I am trying to calculate the mean and standard deviation of a very large numpy array (600*600*4044) and I am close to the limit of my memory (16GB on a 64bit machine). As such I am trying to process everything as a float32 rather than the float64 that is the default. However, any time I try to work on the data I get a float64 returned even if I specify the dtype as float32. why is this happening? Yes I can convert afterwards, but like I said I am close the to limit of my RAM and I am trying to keep everything as small as possible even during the processing step. Below is an example of what I am getting.
import scipy
a = scipy.ones((600,600,4044), dtype=scipy.float32)
print(a.dtype)
a_mean = scipy.mean(a, 2, dtype=scipy.float32)

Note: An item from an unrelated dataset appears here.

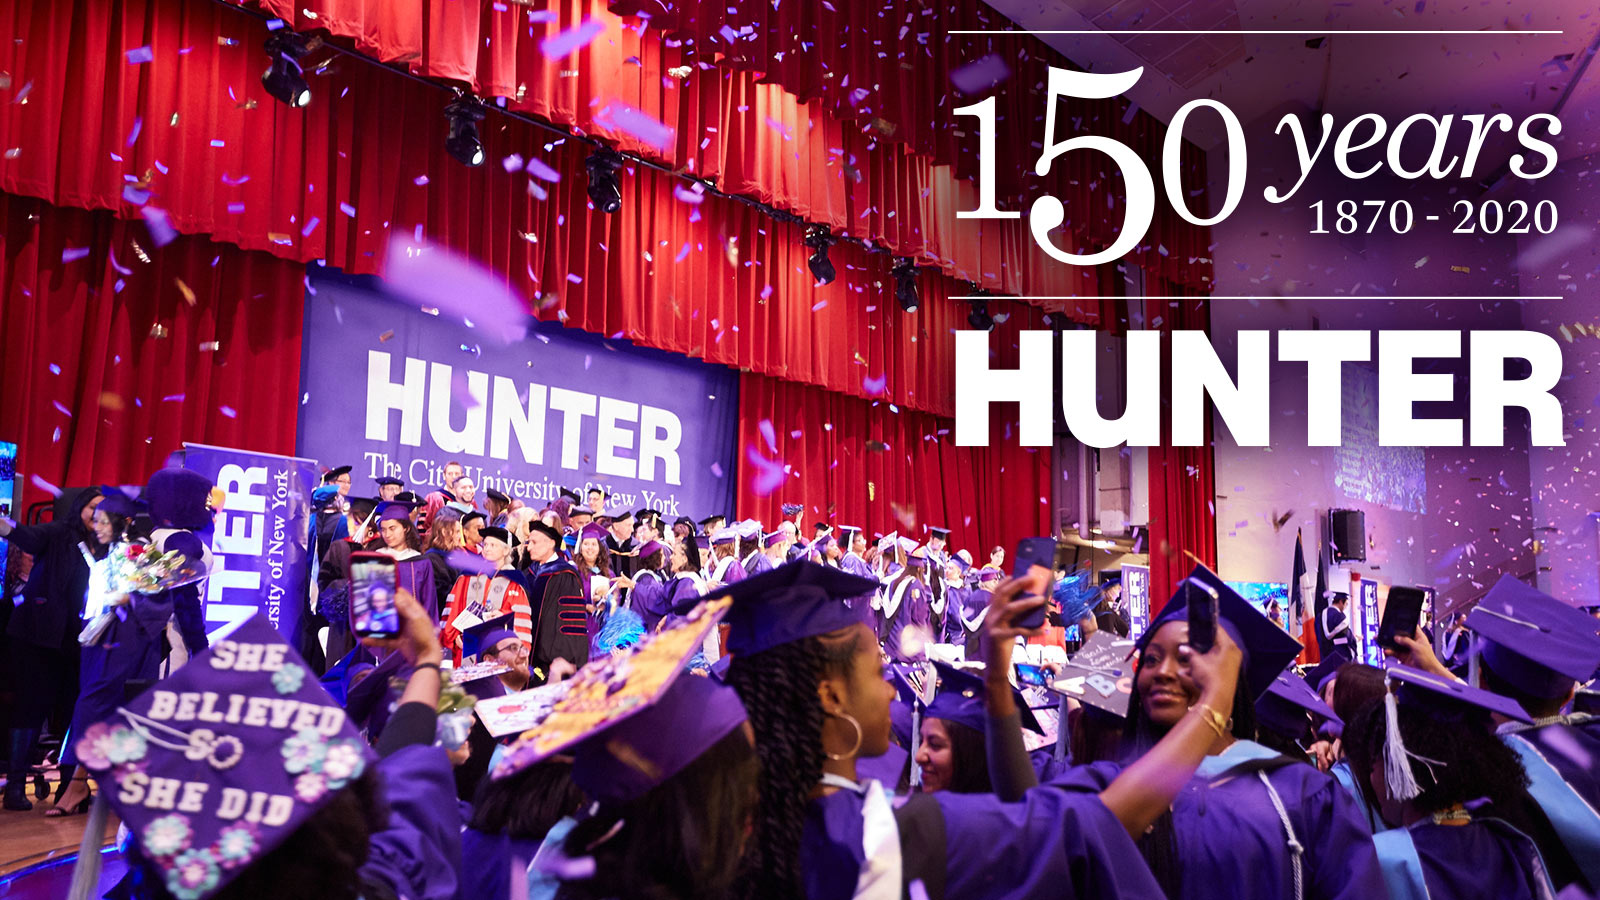 Hunter commencement with confetti and 150th anniversary logo

a_std = scipy.std(a, 2, dtype=scipy.float32)
print(a_mean.dtype)
print(a_std.dtype)
Returns
float32
float32
float32
Upvotes: 0
Views: 1237
Reputation: 613382
Note: This answer applied to the original question
You have to switch to 64 bit Python. According to your comments your object has size 5.7GB even with 32 bit floats. That cannot fit in 32 bit address space which is 4GB, at best.

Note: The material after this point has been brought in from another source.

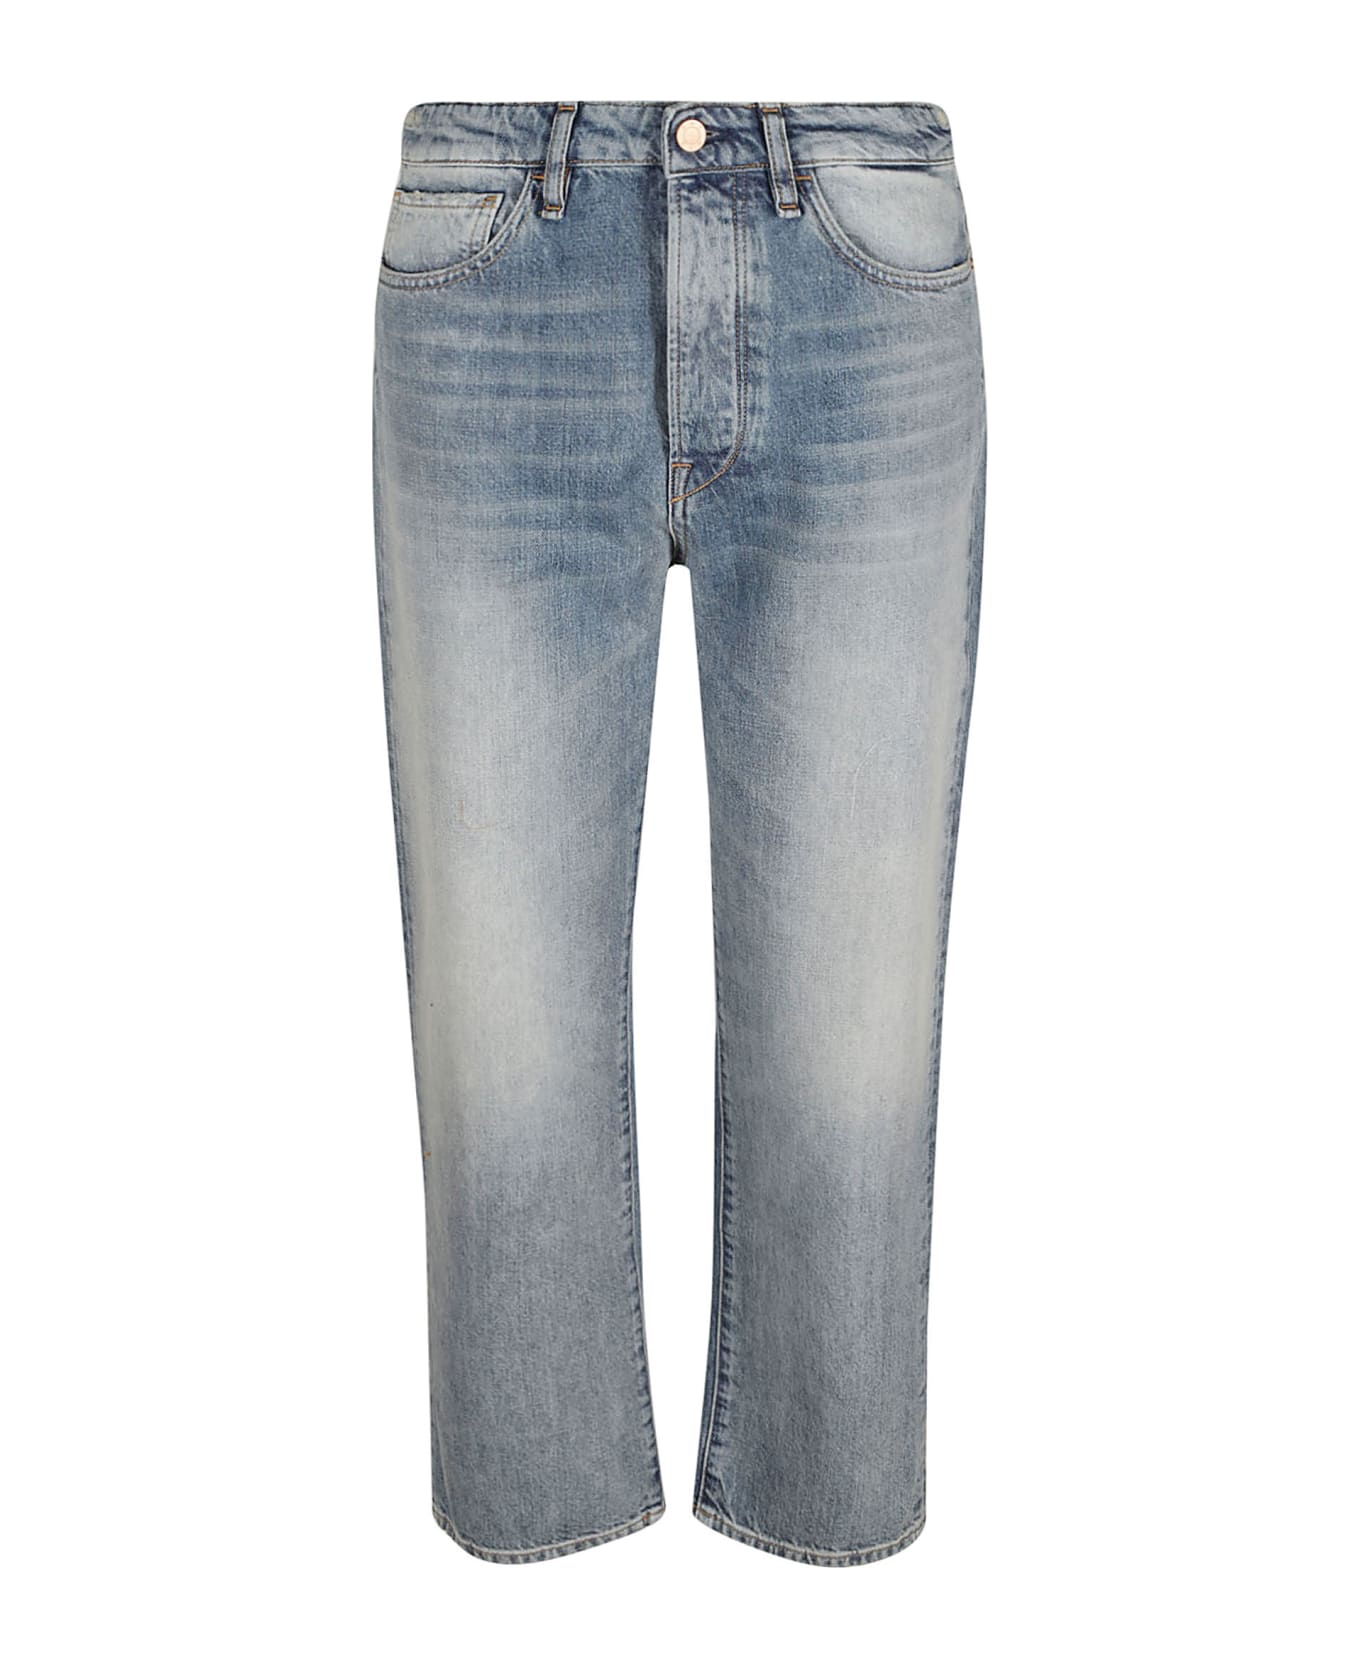 3x1 Buttoned Classic Jeans - Sky Blue

Once you've switched to 64 bit Python I think you can stop worrying about intermediate values using 64 bit floats. In fact you can quite probably perform your entire calculation using 64 bit floats.
If you are already using 64 bit Python (and your comments confused me on the matter), then you simply do not need to worry about scipy.mean
or scipy.std
returning a 64 bit float. That's one single value out of ~1.5 billion values in your array. It's nothing to worry about.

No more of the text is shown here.